# What will happen??



## broken76 (Dec 30, 2011)

Well, I never thought in a million years I would be posting something like this, as I'm sure no one does, but here I am so here goes.
H and I have been married 2 1/2 years and together 5 years with a 2yo son and each have a 10yo from previous relationships. He was my best friend and I lived my life for him and our children. I love him desperately, always have always will.

End Oct 2011- H tells me he has been unhappy for sometime and doesn't know if he wants to continue in our marriage and needs time to think- I fall apart, begging him for answers daily.

Mid Nov 2011- H says he has decided he doesn't want to work on our marriage and is moving out to stay with a friend( whom is male and I know of). He wants to see changes and doesn't know how he'll feel in the future but he is not in love with me or attracted to me and can't see us being together in the future.

He refuses MC, however I have been seeing someone for my insecurity issues.

He has told me that I have been insecure and controlling and have never trusted him and he just can't live like that anymore- so what do I do, of course I prove him completely correct by hassling him every day, crying, begging, getting angry, getting sad again, 3 phonecalls a day and basically giving him no space at all to think or assess what he is doing. He says 3 days before Christmas that he has made his decision, there is no hope for us now. I fall apart again!
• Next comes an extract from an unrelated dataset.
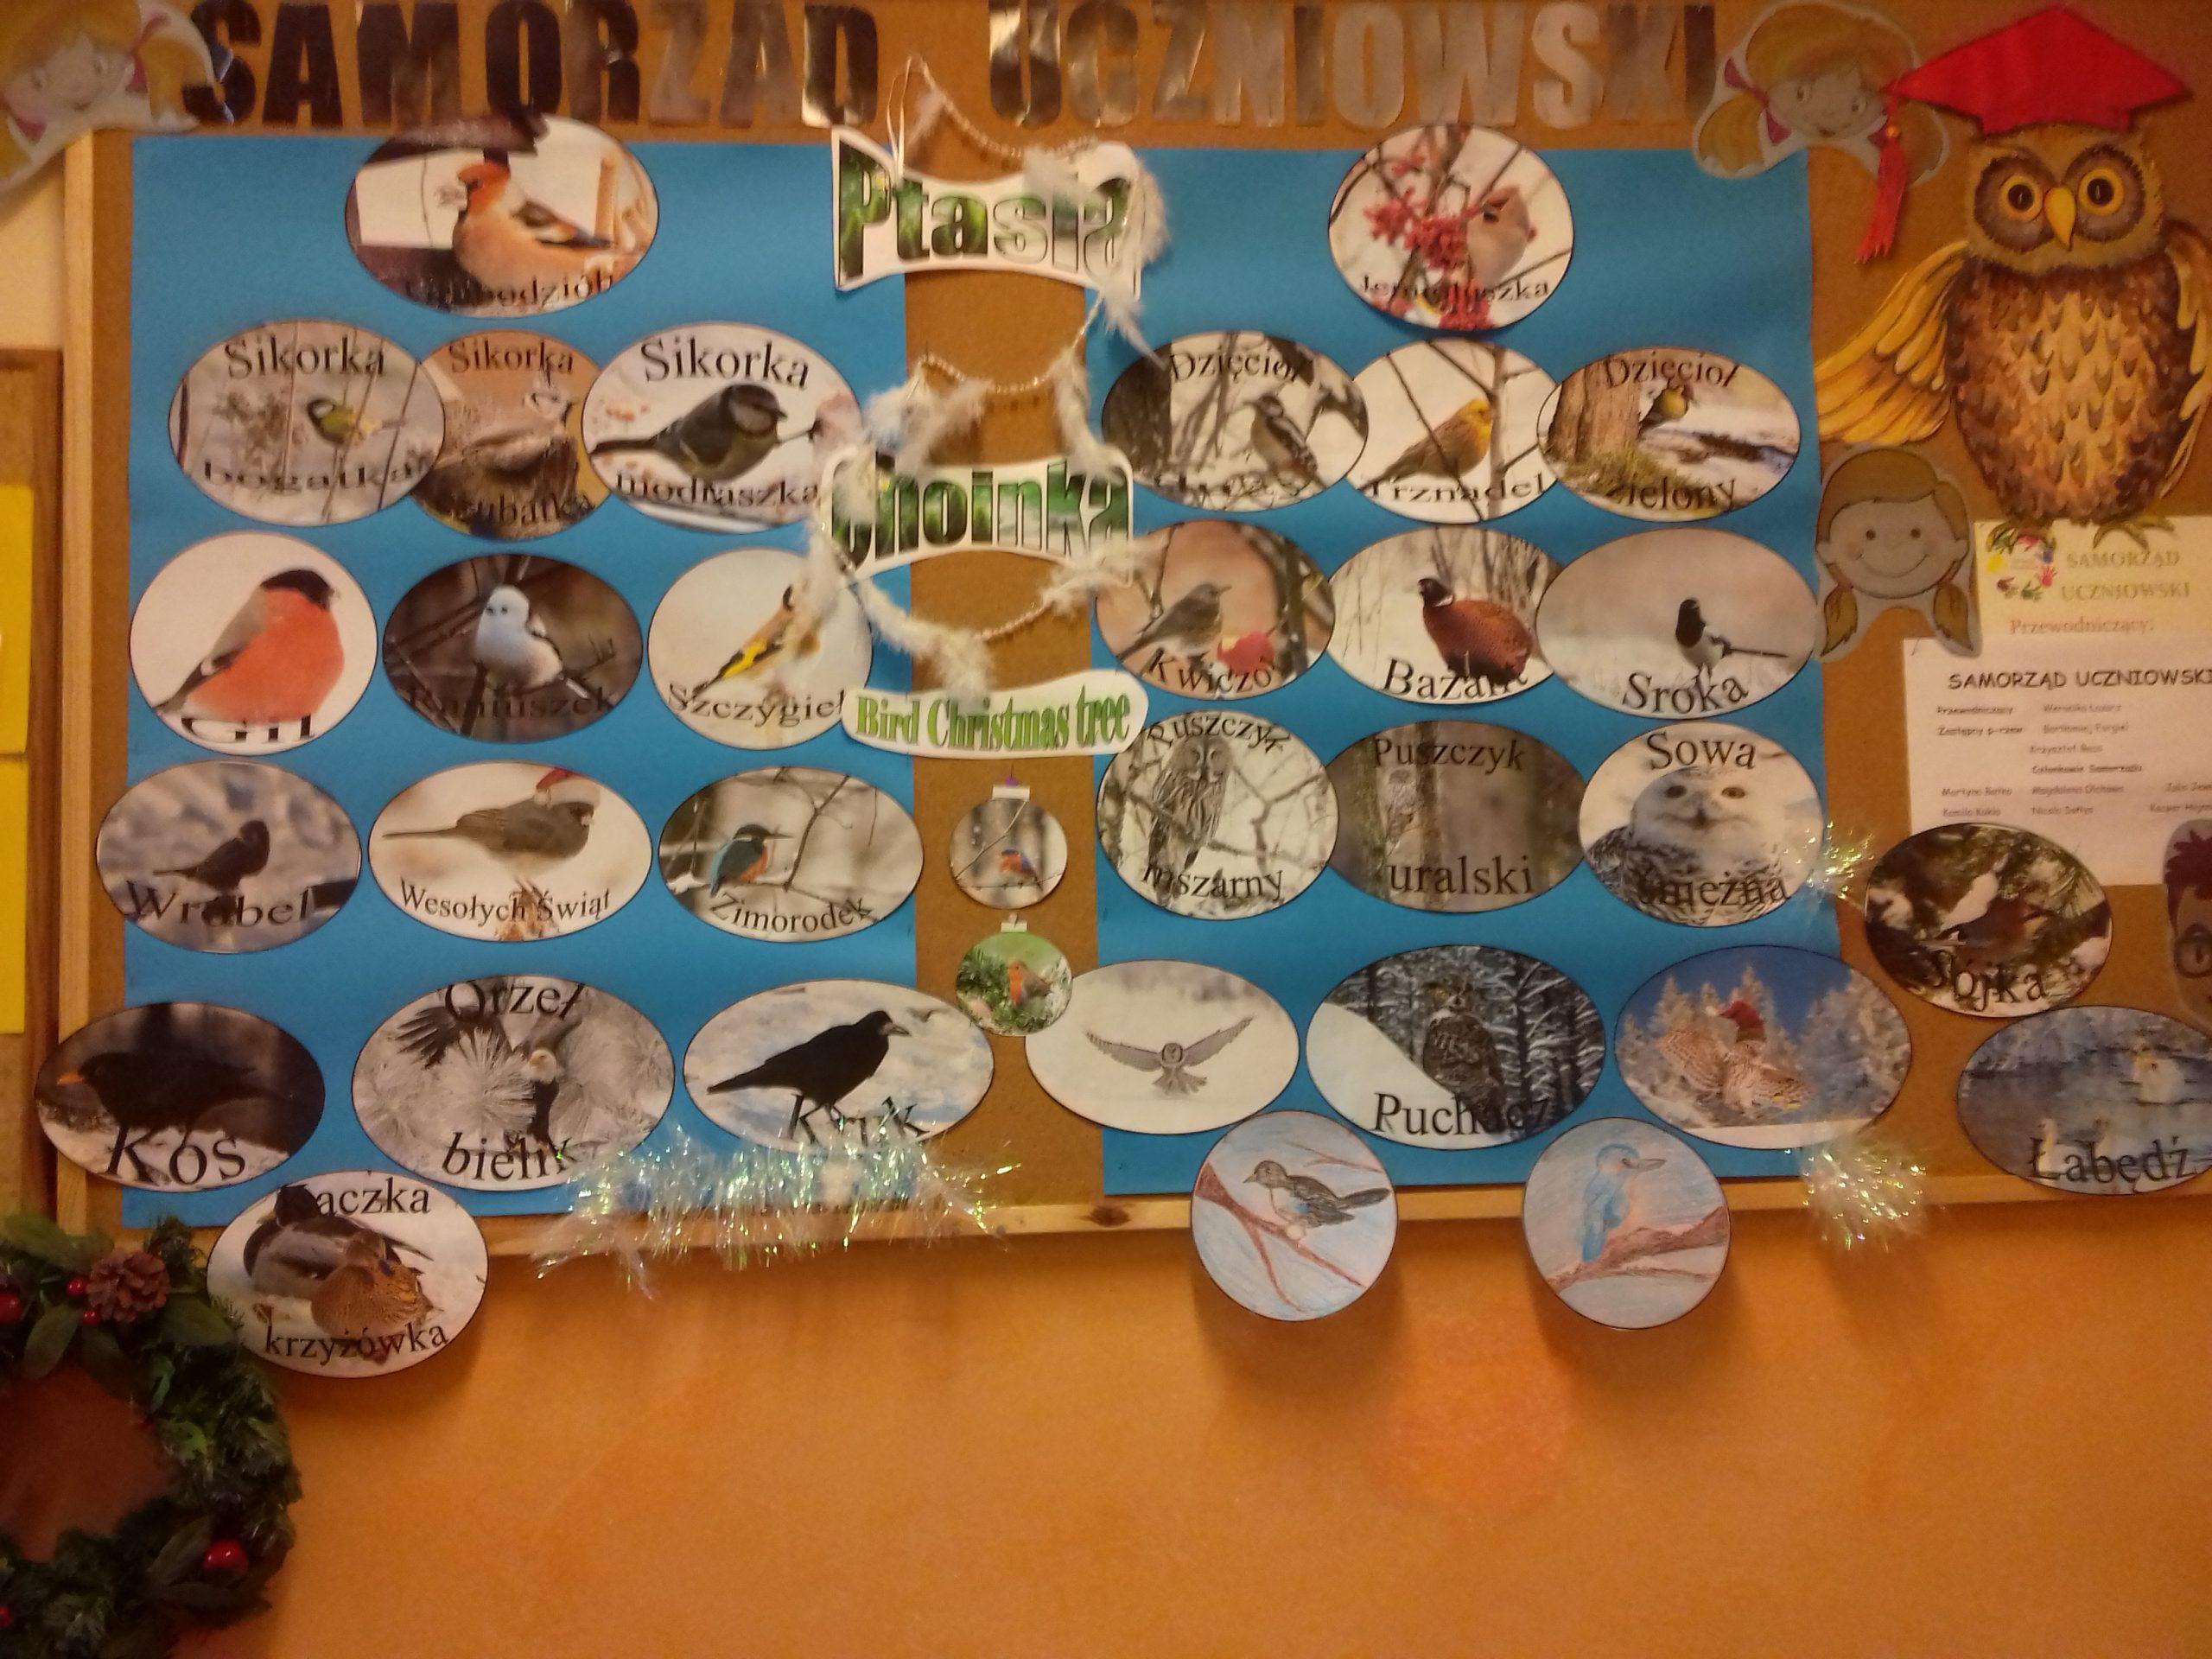 Ptasia choinka – Bird Christmas Tree

Finally 2 days after Christmas I realise this just keeps getting worse and I need to give him space and if and when I do talk to him, not to ask questions or cry or drill him about what he has been doing.
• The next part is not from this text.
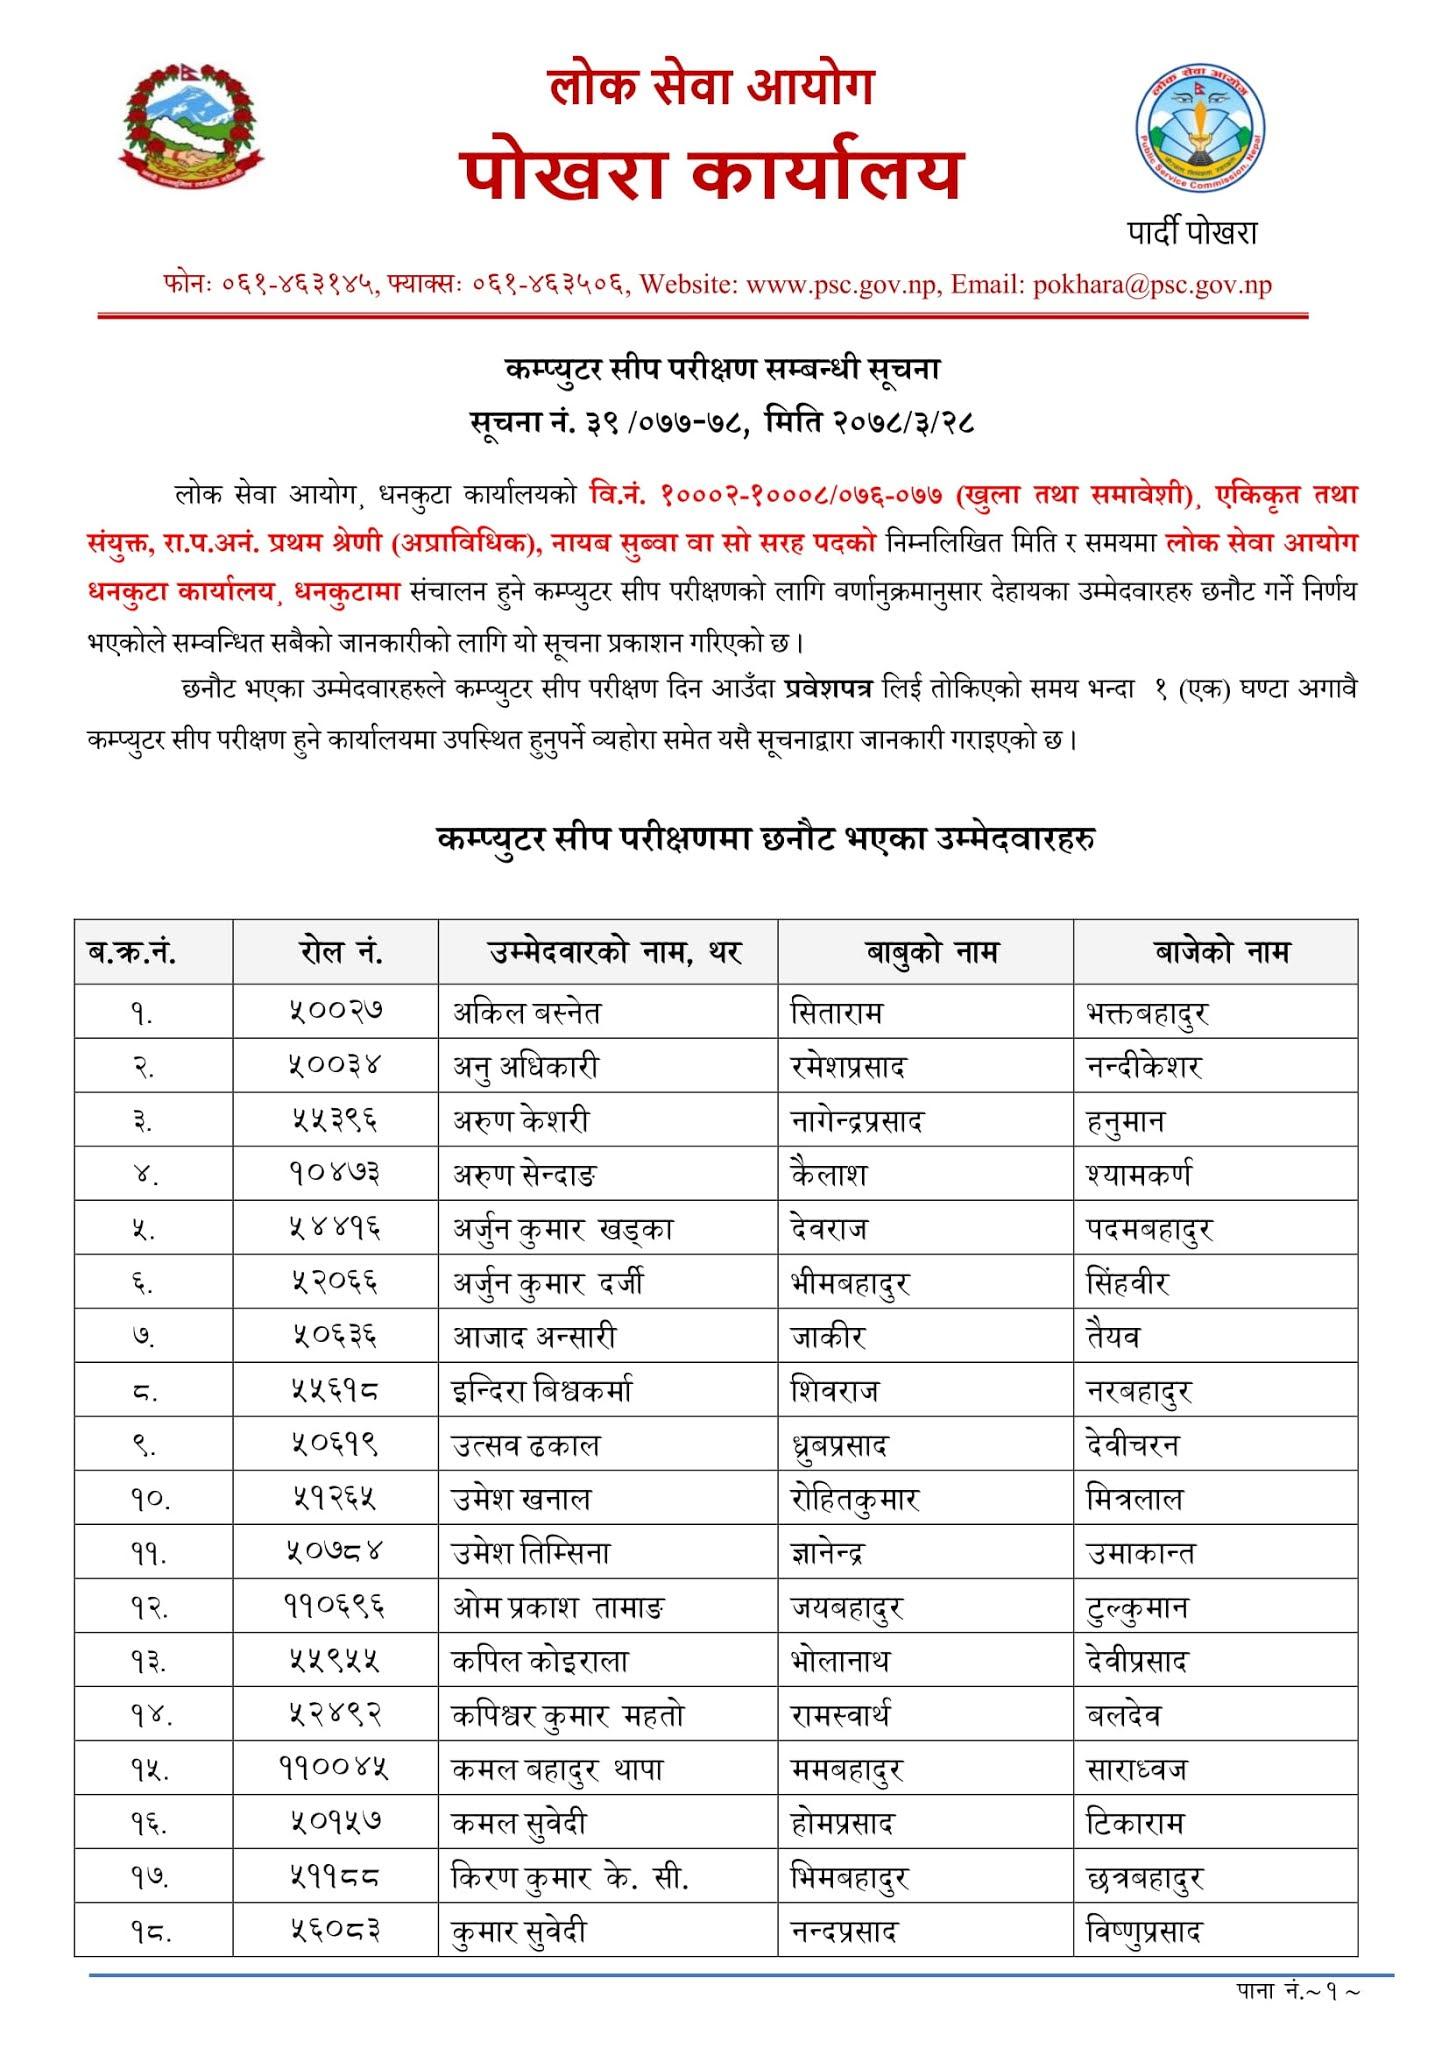 NASU - Dhankuta Lok Sewa Aayog Written Exam Result & Exam Schedule

I can't help but panic and i feel like I have blown any chance of him ever seeing me differently. It has come to a point where he speaks to me like I am nothing in his life and that hurts to no end, I wake up with a disgusting anxious knot in my stomach that never seems to go away.

I guess I'd like to hear from anyone on either side who may have been through something like this.

Is there ever going to be a chance that he could change his mind? How should I behave with him now? Some one please help. I feel like I am dying inside and I just can't find a way out of this mess.


----------



## EleGirl (Dec 3, 2011)

I'm sorry to hear that you are going through this. 

There is a chance that things could turn around if you use this time to make positive changes in yourself.
You do need to back off and let him only see you at your best. That's what Plan A is about. You also need to do things that help you protect yourself emotionally. 

Take a look at the Plan A and Plan B link in my signature block.


----------